For complicated appendicitis, the most frequent diagnosis, clinical cure rates at the test-of-cure visit was 84.2% for tigecycline and 86.2% for imipenem/cilastatin (Table 3). In both treatment groups, lower clinical cure rates (≤72%) were observed in patients who had intra-abdominal abscess, complicated diverticulitis, or intestinal perforation (Table 3). Overall, there were no significant differences in clinical cure rates between tigecycline and imipenem/cilastatin based on primary intra-abdominal diagnosis. A total of 14 tigecycline- and 27 imipenem/cilastatin-treated patients in the ME population had a positive pretherapy blood culture. Clinical cure in patients with bacteremia was reported for 71.4% of tigecycline and 74.1% of imipenen/cilastatin recipients.

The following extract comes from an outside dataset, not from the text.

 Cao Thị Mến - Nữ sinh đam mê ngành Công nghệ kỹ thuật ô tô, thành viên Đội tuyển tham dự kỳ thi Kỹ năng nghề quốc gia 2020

For the ME population, eradication of intra-abdominal isolates at the patient level was reported for 80.6% of tigecycline- and 82.4% of imipenem/cilastatin-treated patients (95% CI -9.0, 5.4), indicating that tigecycline was efficacious and statistically noninferior to imipenem/cilastatin (Table 4). No significant differences between the treatment groups were found when eradication rates were stratified by monomicrobial versus polymicrobial infection (Table 4).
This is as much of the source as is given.